In Europe, website blocking is a popular tool to contrast online copyright and intellectual property rights (IPRs) infringement.1 The InfoSoc Directive and the IPR Enforcement Directive (IPRED) make available blocking injunction as a remedy to protect IPRs throughout the EU,2 although these measures are not implemented and applied in a uniform manner among the Member States (MS).3 To address ever-evolving online infringement threats, static blocking injunctions have been coupled by the availability of forward-looking or dynamic blocking injunctions (DBI) and live blocking injunctions, both in Europe and other jurisdictions.4 While the availability of static blocking injunctions is uncontested in the large majority of European countries,5 dynamic and live blocking injunctions are not always available everywhere, with high variance of scope and requirements among jurisdictions. This article will discuss the conditions at which static, dynamic and live blocking injunctions are available in Europe, while also highlighting negative effects on fundamental rights and the proportionality standards that injunctions must meet for being validly issued.

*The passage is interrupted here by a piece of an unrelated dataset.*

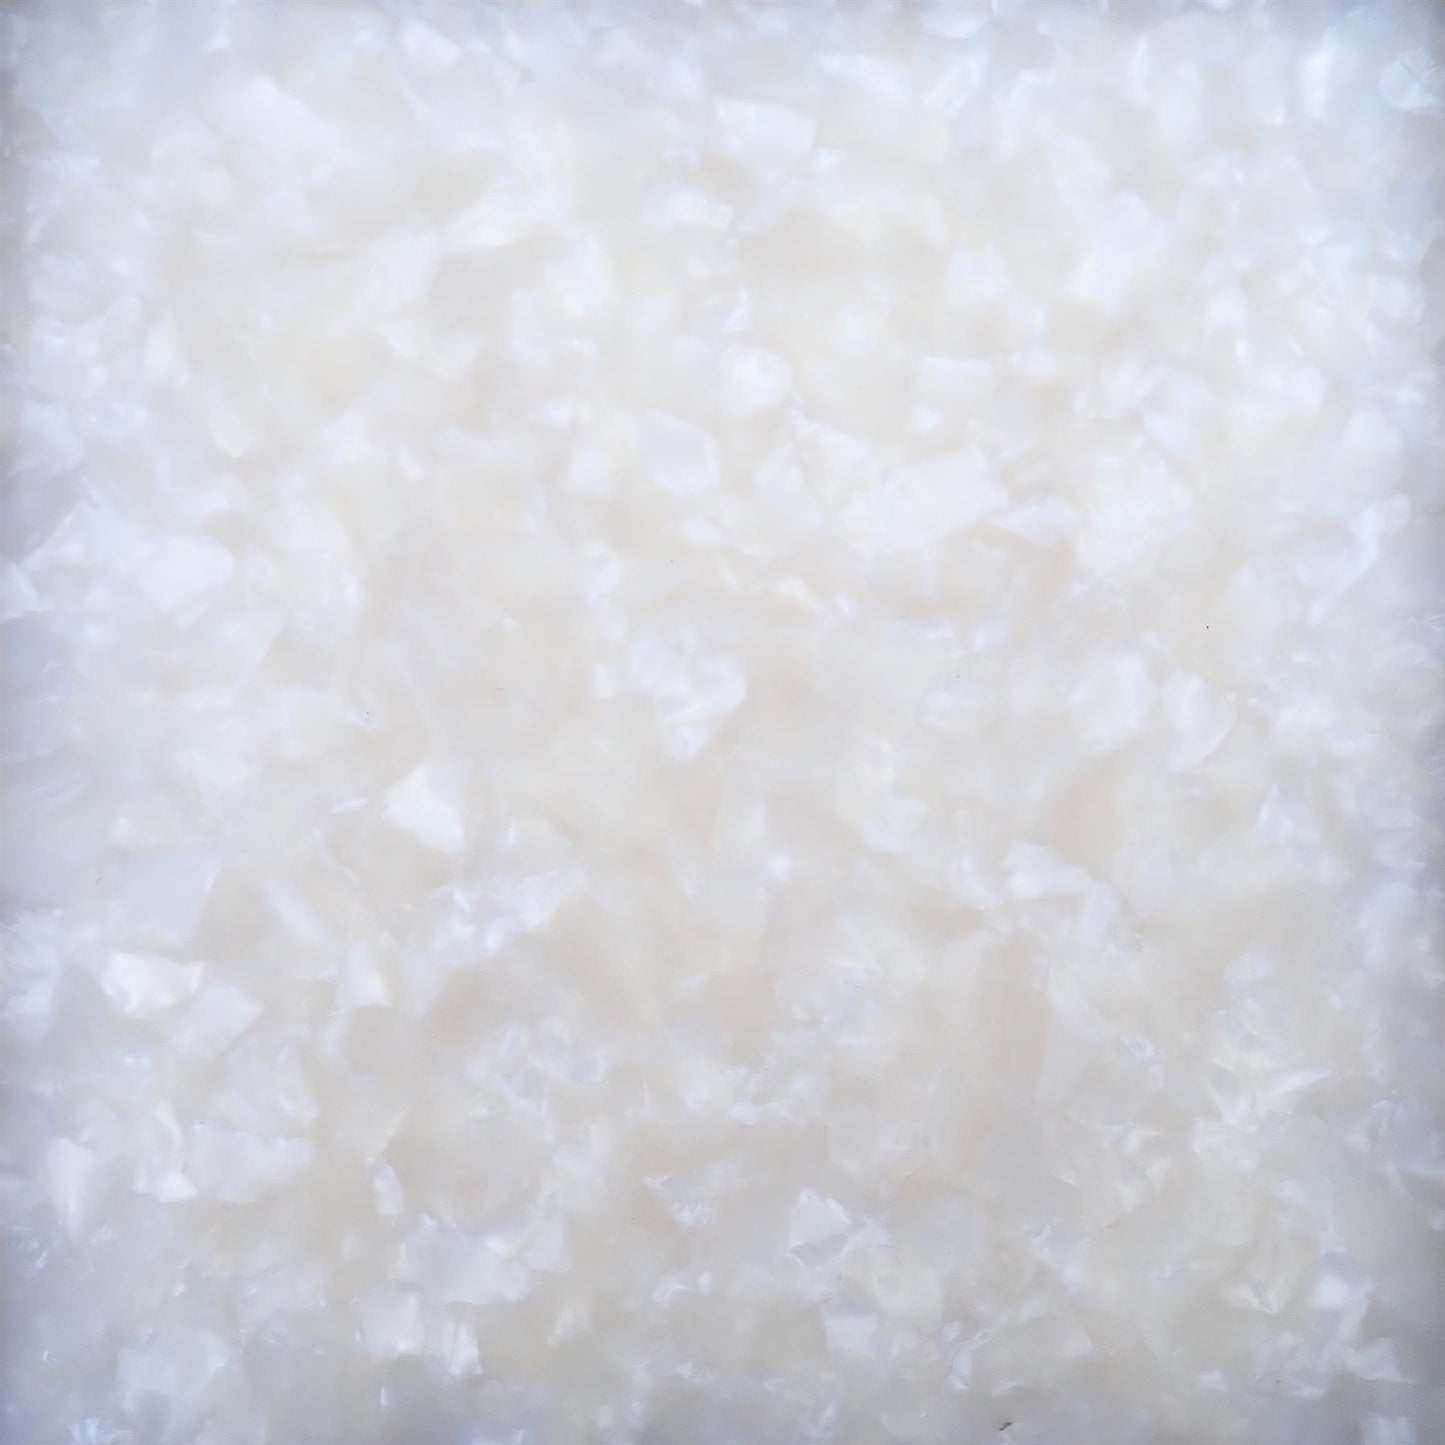 Incudo White Pearloid Cellulose Acetate Block - 165x100x10mm (6.5x3.94x0.39")

The term6 ‘blocking injunction’ refers to ‘an order requiring an internet intermediary to implement technical measures directed at preventing or disabling access to a specific internet location’.7 A second category of blocking orders is also available: so-called forward-looking or dynamic blocking injunctions, which are meant to allow flexibility so as to cover repeated infringements and, thus, enhance the effectiveness of the measures for rightholders.8 The Commission’s
There are several available mechanisms to address blocking of illegal content and implement Internet site-blocking injunctions, including IP address blocking, Domain Name System (DNS) blocking, Uniform Resource Locator (URL) filtering, deep packet inspection, domain name-related measures and ingress and egress filtering.11 Whether specified or not by the injunction,12 both IP addresses and DNS blocking are the most common technical solutions applied by blocking injunctions in European jurisdictions. Often, DNS blocking alone is the most common or the only used technical solution.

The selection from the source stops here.